Bridich awoke Saturday morning to a roasting by Denver Post baseball writer Mark Kiszla. “[S]o insecure he tries to bully every conversation with Ivy League arrogance as thin as his college baseball resume,” Kiszla wrote, “[Bridich] got ripped off by the Cardinals in a trade that appears so lopsided that Commissioner Rob Manfred should consider voiding the deal before it becomes official.”

Once upon a time, Arenado wanted nothing more than to stay a Rockie for life, the way should-be Hall of Fame first baseman Todd Helton was. “I want to win,” he has told Sports Illustrated. “If we win here, that’s why I signed, right? To win here. But if we’re not gonna win, I’d rather play for a winner. I don’t care where it is. I’d rather win a World Series than have my number retired.”

More than a few eyes are now cast upon Rockies shortstop Trevor Story, who may also have noticed too much of the treachery around Arenado and begun to wonder whether that mile-high baseball air has vaporised common baseball sense even further.

If he’s not careful, Kiszla warned, Story “could be the next knucklehead to be fooled by this team’s hollow promise to build a champion around him. My advice? Story demand a trade ASAP to a major-league city where winning matters.”

A city like St. Louis, perhaps. It wouldn’t be past the Cardinals to ponder a shortstop upgrade, take note of the Rockies leaving Story to waste, and deal a couple of sacks of mulch for him while deciding Kolten Wong is more than worth keeping at second base and moving Paul DeJong to the bench or onward.

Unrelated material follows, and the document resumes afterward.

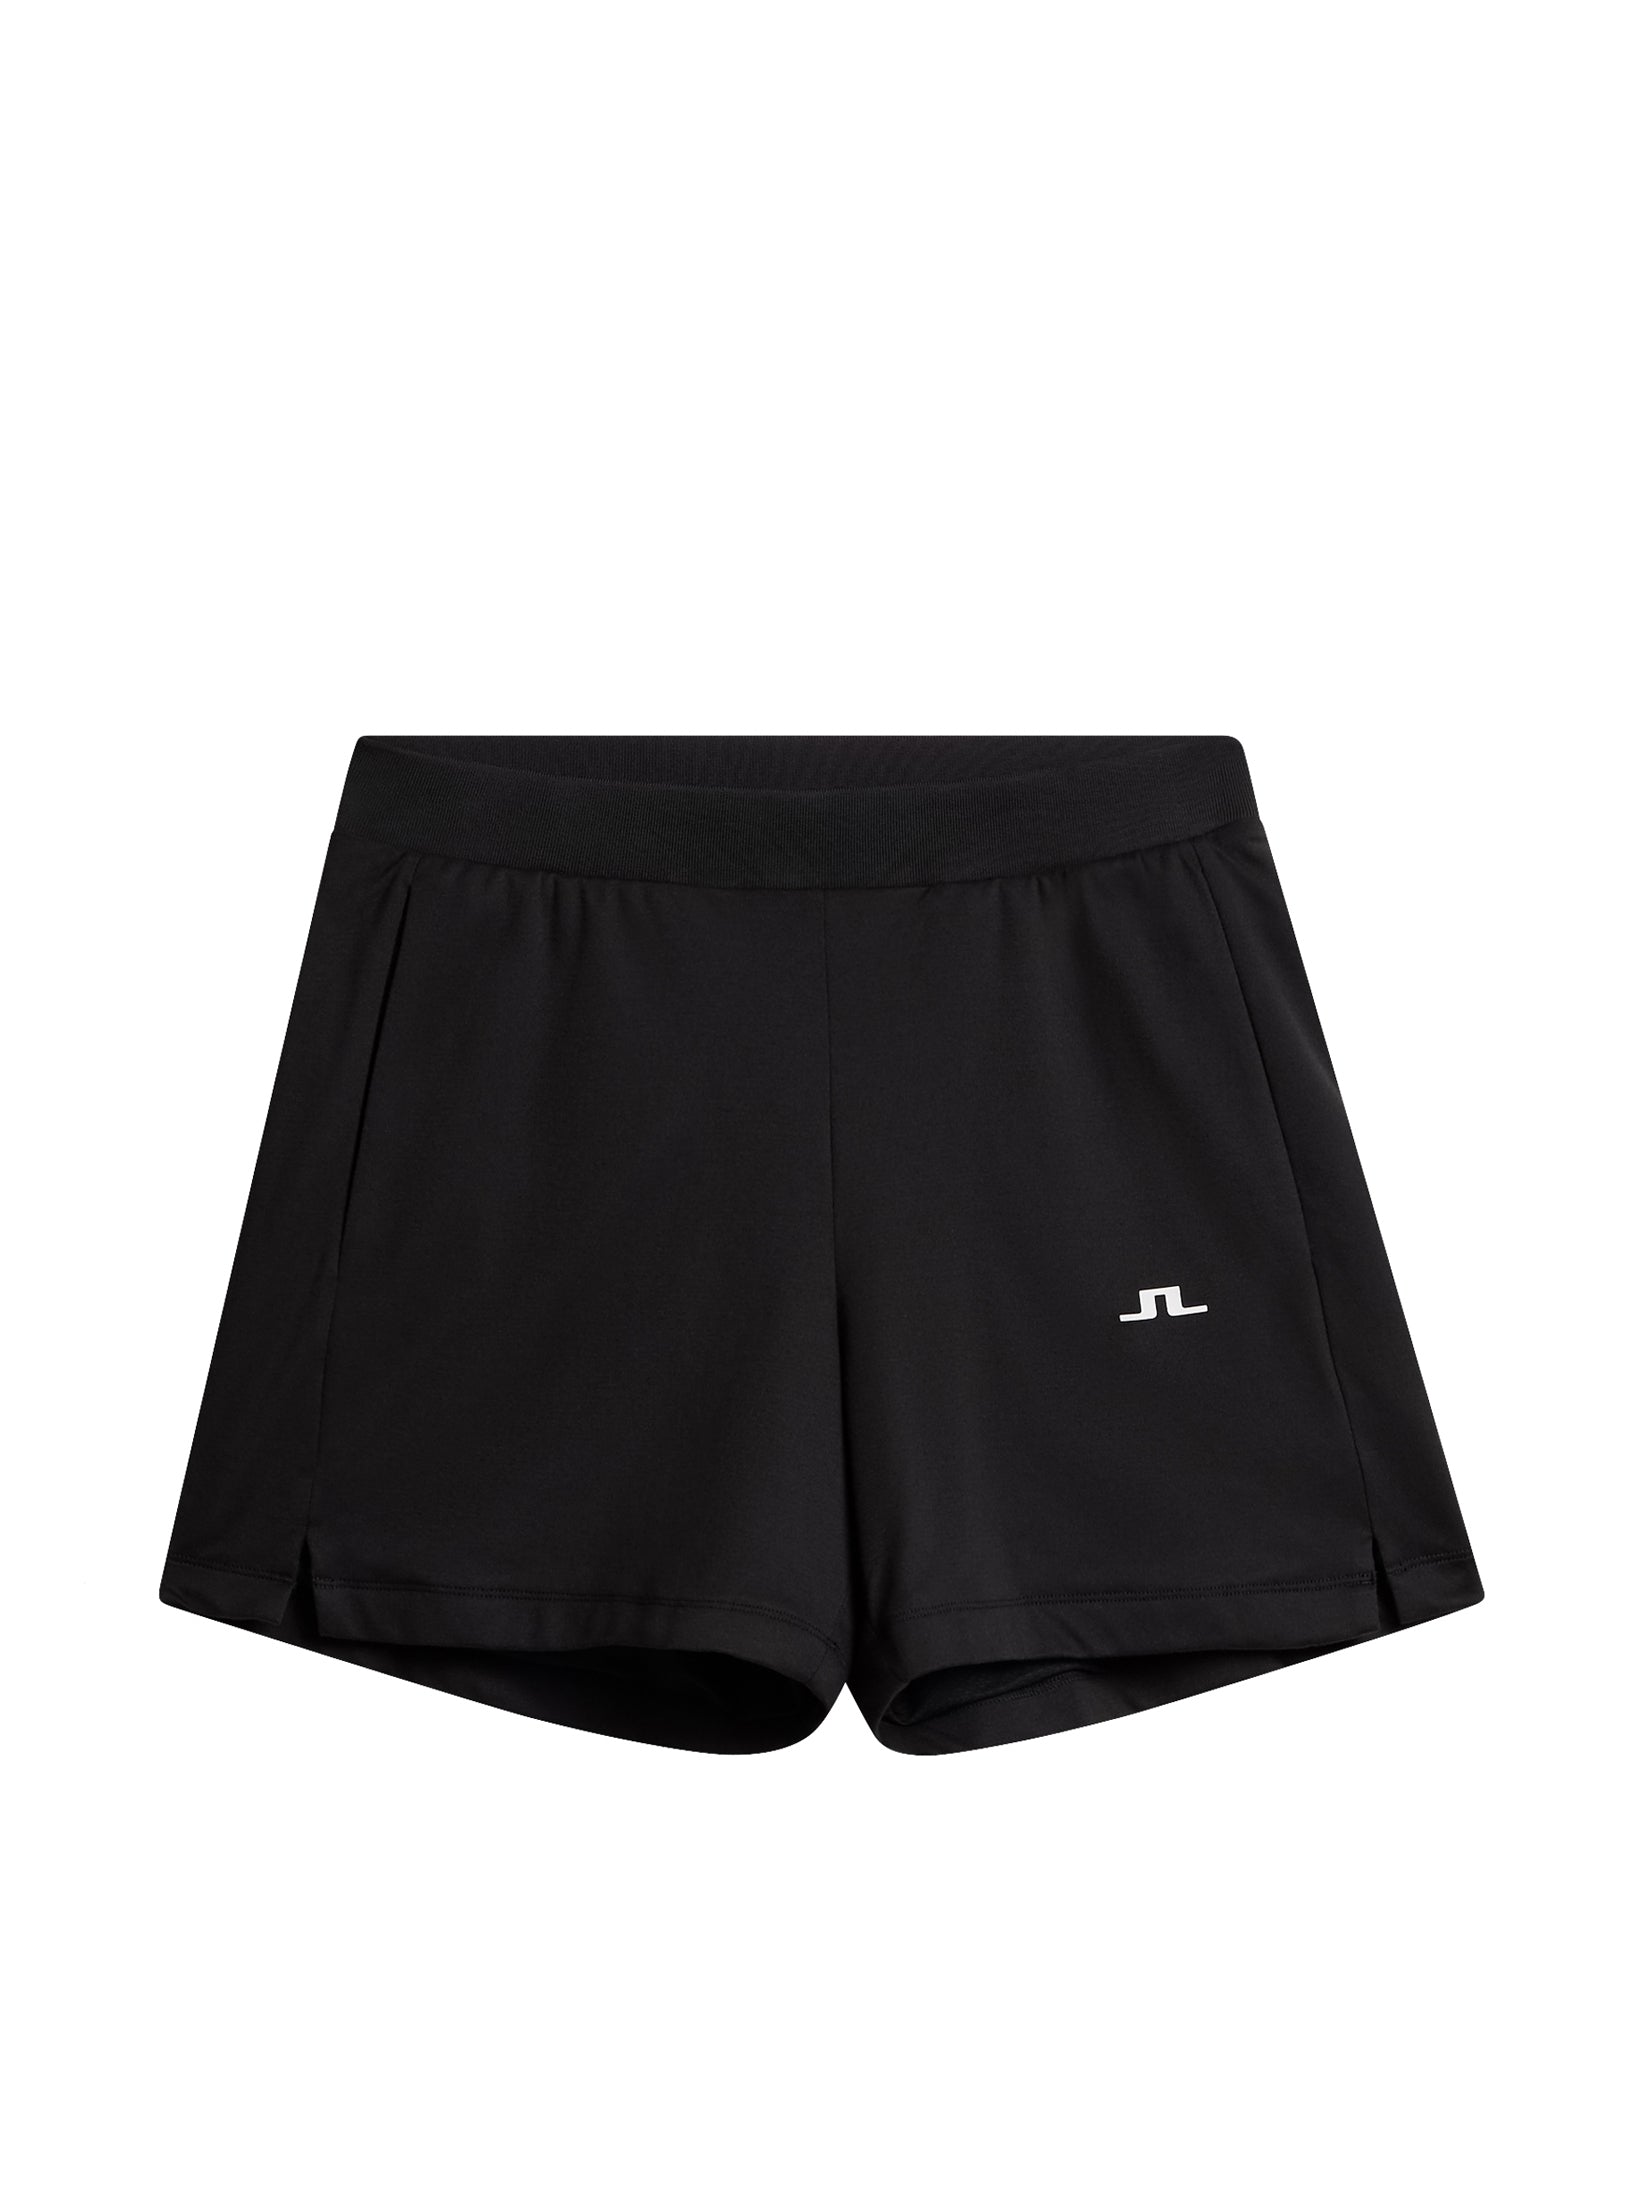 Vice Shorts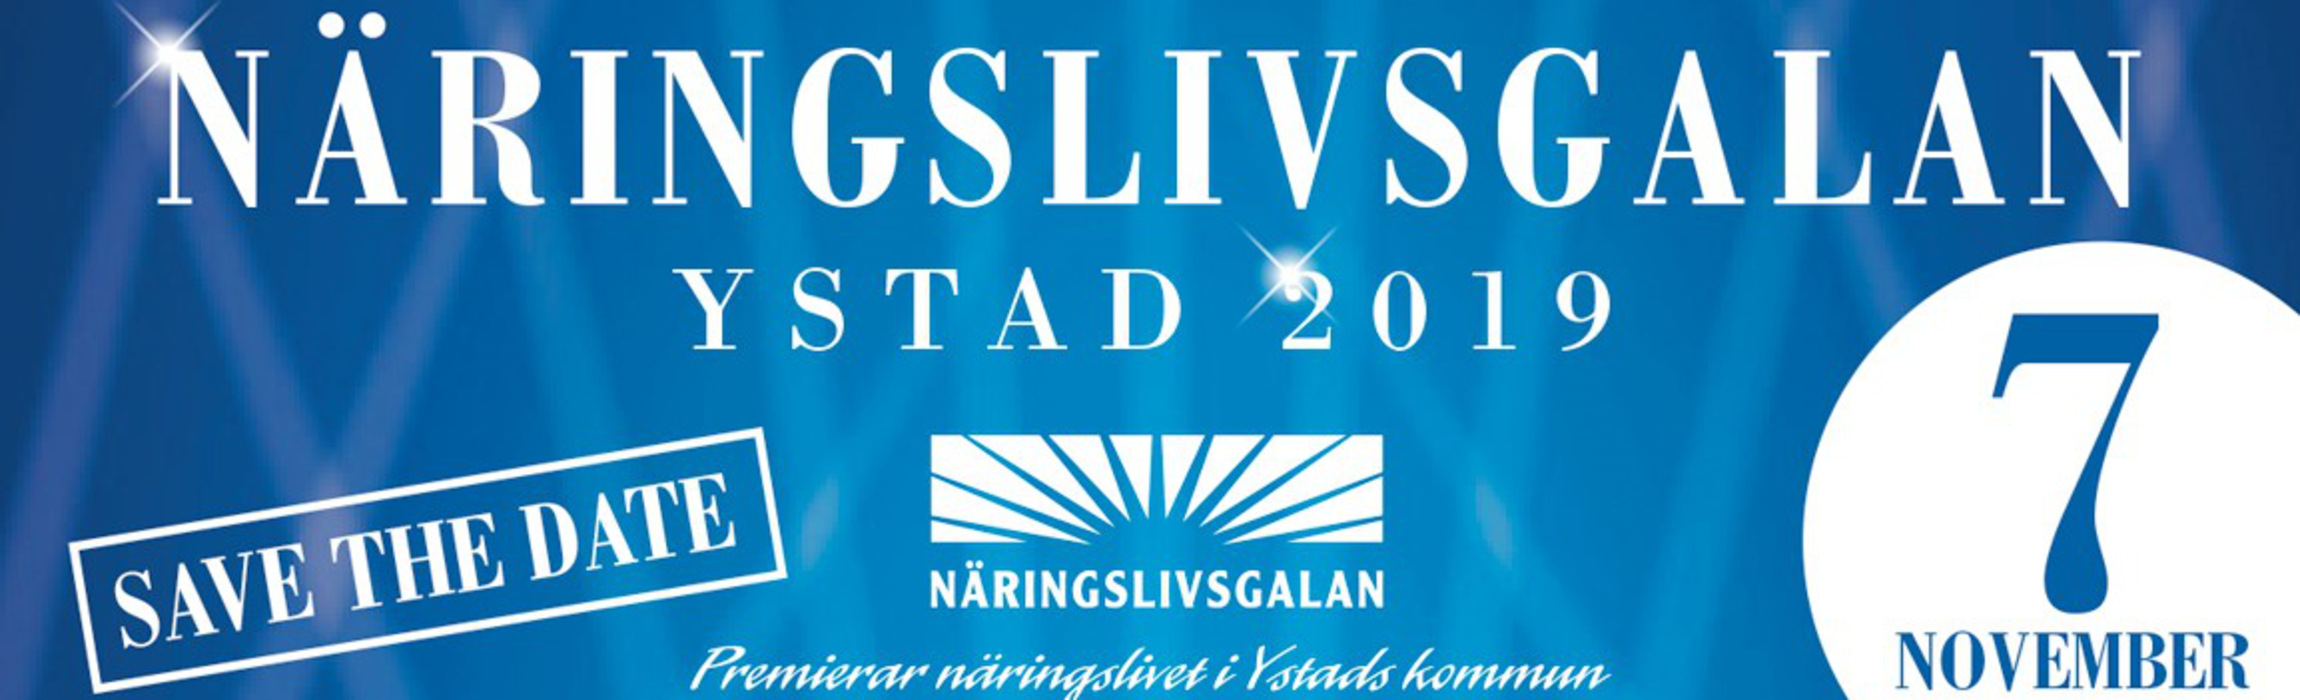 Naringslivsgala_2019.jpg

You don’t want to relieve your sick-and-tired, your not-so-poor, your huddling Hall of Fame supermen to be (assume he keeps his health following that shoulder injury last year and Arenado’s on the Hall track), allowing them to breathe free and win with you? The Cardinals are only too happy to take them off your hands, relieve your headaches, and cause you a few when you meet them in mortal combat.

They might not even be adverse to keeping their eyes upon the West Coast. That’s where  baseball’s still-best all-around player, loyal as he is to the franchise that raised him, may start thinking in a couple of years while he’s still young enough that knocking Hall of Famers out of the record books or off the WAR charts isn’t enough. He may ask at last what can compensate for being a Trout out of water with no winning to show for his extraterrestrial efforts.

Nobody with a brain would put it past the Cardinals to think about reeling that Trout in. Just don’t expect them to include painkillers in the deal.